Type d'impôt
Taxe BPOL
Description
Le contribuable n'est pas autorisé à déduire les recettes brutes attribuables à des activités commerciales exercées dans d'autres États
Sujet
Pouvoir local d'imposition,
Crédits d'impôt hors de l'État,
Dossiers/retours/paiements
Date d'émission
01-21-2011
21 janvier 2011
Objet : Appel de la décision locale finale
Localité : *****
Contribuable : *****
Taxe sur les licences professionnelles
Chère ***** :
Cette décision finale de l'État est émise à la suite de la demande de correction que vous avez déposée au nom de ***** (le "contribuable "") auprès du ministère des impôts. Vous faites appel d'un avis d'imposition sur les licences d'exploitation, de profession et d'activité (BPOL) émis à l'encontre du contribuable par la ***** (la ville "" ) pour les années fiscales 2002 à 2006.

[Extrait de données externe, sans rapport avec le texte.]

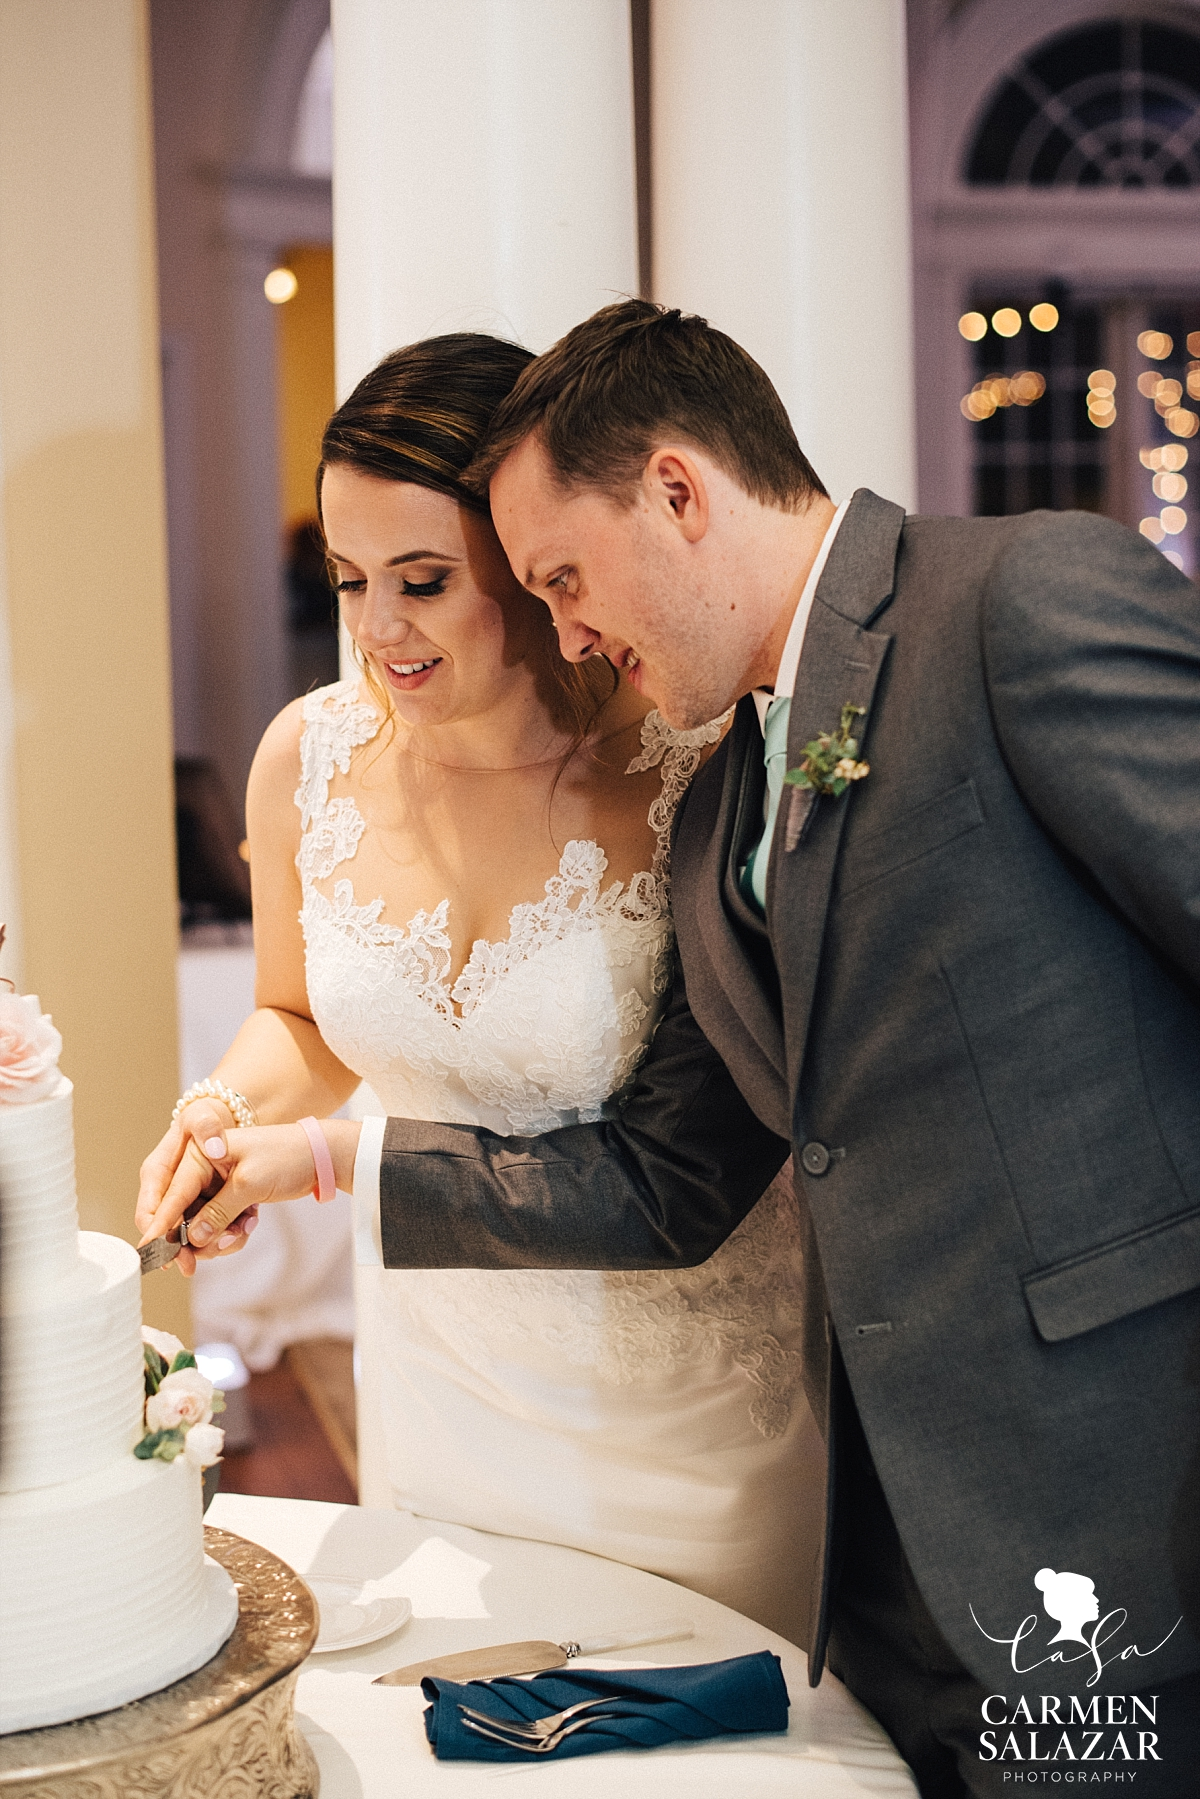 Vizcaya wedding cake cutting - Carmen Salazar

La taxe BPOL est imposée et gérée par les autorités locales. Code de Virginie § 58.1-3703.1 autorise le département à prendre des décisions sur les appels des contribuables concernant les évaluations fiscales de BPOL. En appel, un avis d'imposition BPOL est réputé à première vue correcte, à savoirL'évaluation locale est maintenue à moins que le contribuable ne prouve qu'elle est incorrecte.

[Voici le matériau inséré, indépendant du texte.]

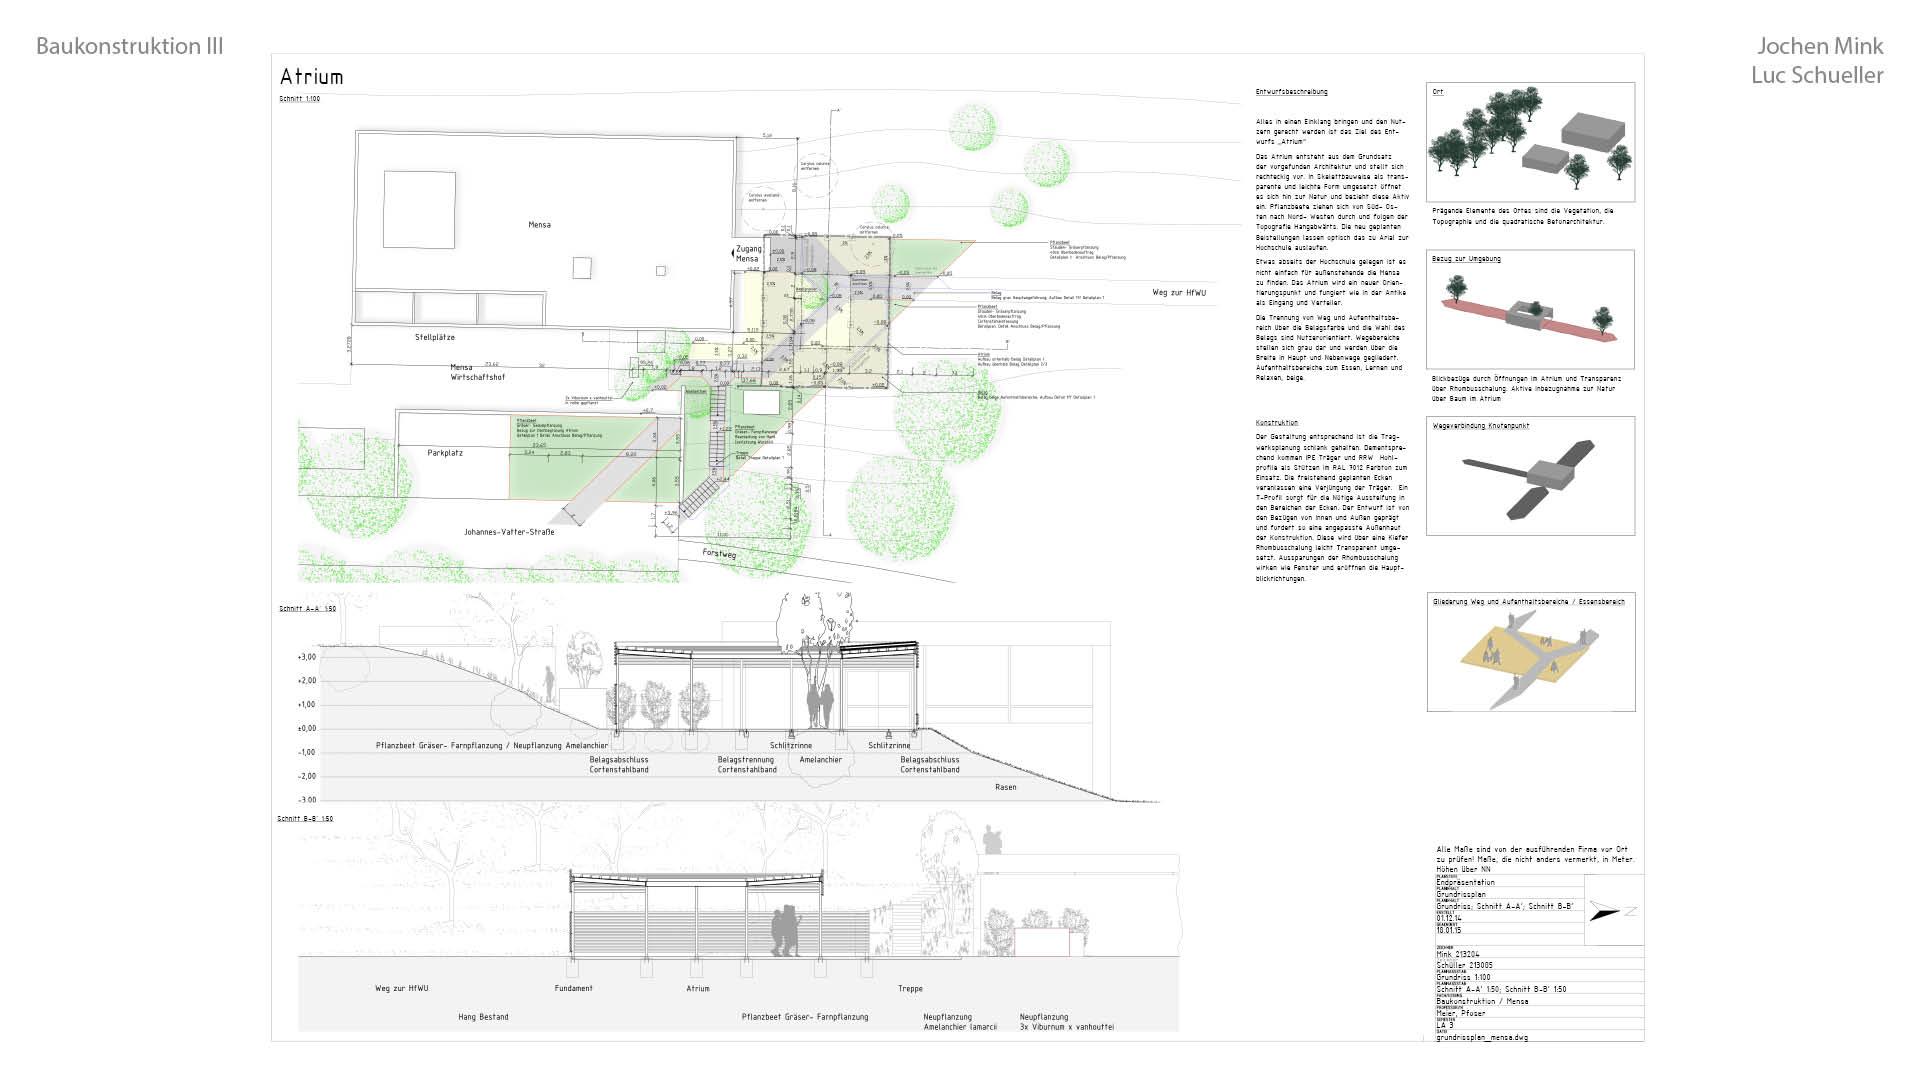 11 14 03 Baukonstruktion III

La détermination suivante est basée sur les faits présentés au Département et résumés ci-dessous. Les Code de Virginie Les articles, règlements et documents publics cités sont disponibles en ligne à l'adresse www.tax.virginia.gov dans la section Tax Policy Library du site web du ministère.
FAITS
Le contribuable est un fournisseur de services informatiques qui possède plusieurs sites dans la ville et dans le monde entier. Vous déclarez qu'il était impossible ou peu pratique de déterminer le lieu d'implantation de ses recettes brutes en vertu des règles générales relatives au lieu d'implantation ; par conséquent, le contribuable a réparti ses recettes brutes sur la base de la masse salariale.

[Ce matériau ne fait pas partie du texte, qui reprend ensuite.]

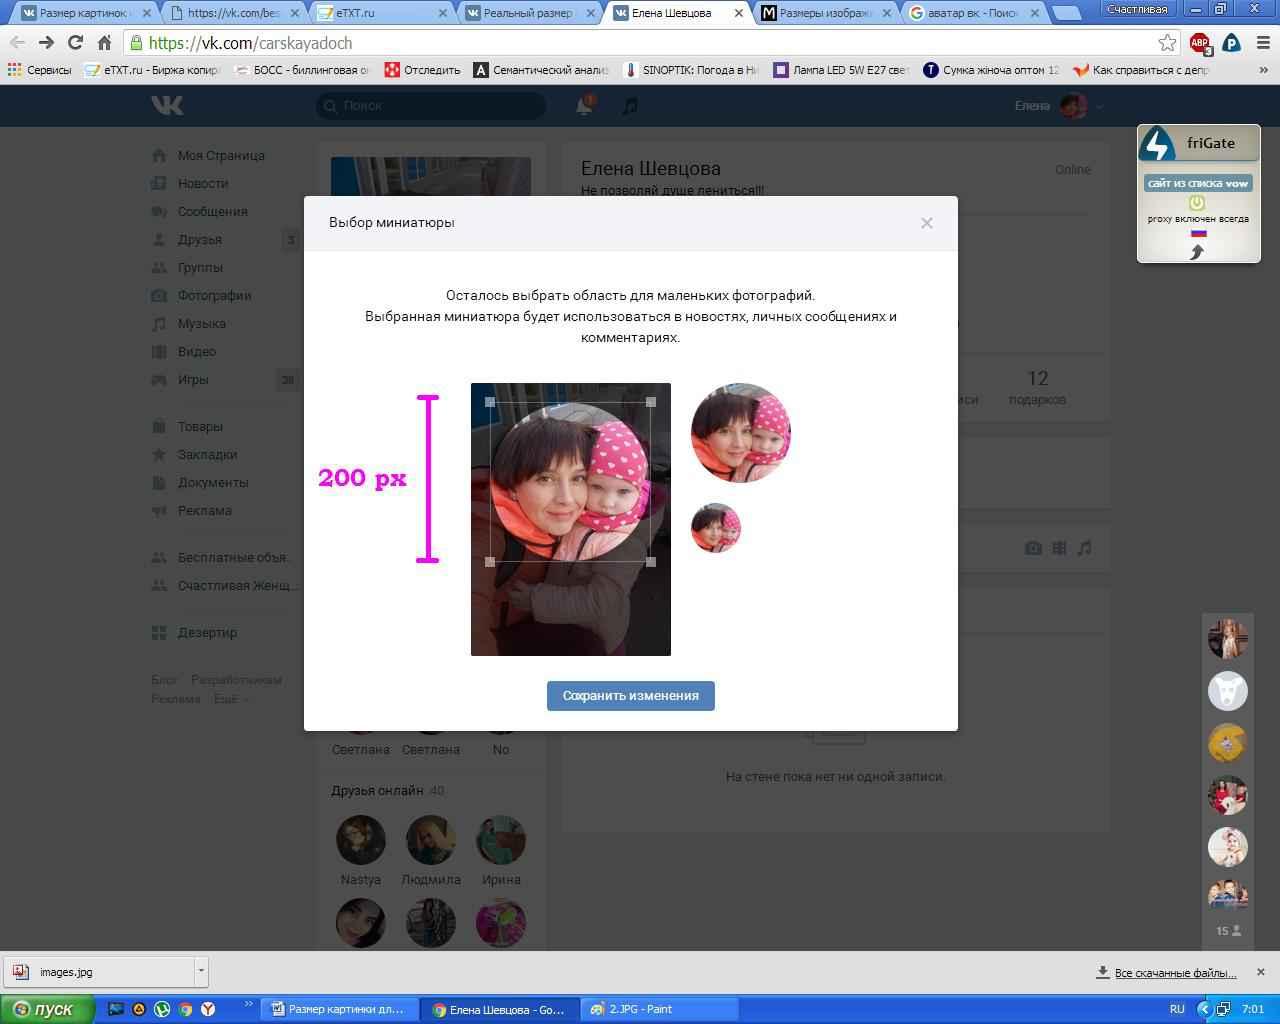 Иллюстрация на тему Размер фото для ВК: аватара, обложки, статьи, товара

Aux fins de l'impôt BPOL, le contribuable a calculé ses recettes brutes en soustrayant de ses recettes brutes mondiales totales les recettes brutes générées par chaque État dans lequel il a déposé une déclaration d'impôt sur le revenu et a multiplié le total net par le pourcentage de sa masse salariale en Virginia par rapport à sa masse salariale totale. La ville a contrôlé le contribuable pour les années fiscales en question, a refusé la soustraction des recettes brutes attribuées aux États dans lesquels le contribuable a déposé une déclaration d'impôt sur le revenu, et a imposé une taxe BPOL supplémentaire.
Le contribuable a fait appel des évaluations auprès de la ville, soutenant qu'il n'était pas autorisé à déduire les recettes brutes attribuables à des activités commerciales menées dans d'autres États. Dans sa décision locale finale, la ville a confirmé l'évaluation de l'audit, en concluant que la déduction accordée par le Va. Code § 58.1-3732 B 2 n'est pas applicable au contribuable parce qu'il n'était pas imposable par ailleurs par la ville.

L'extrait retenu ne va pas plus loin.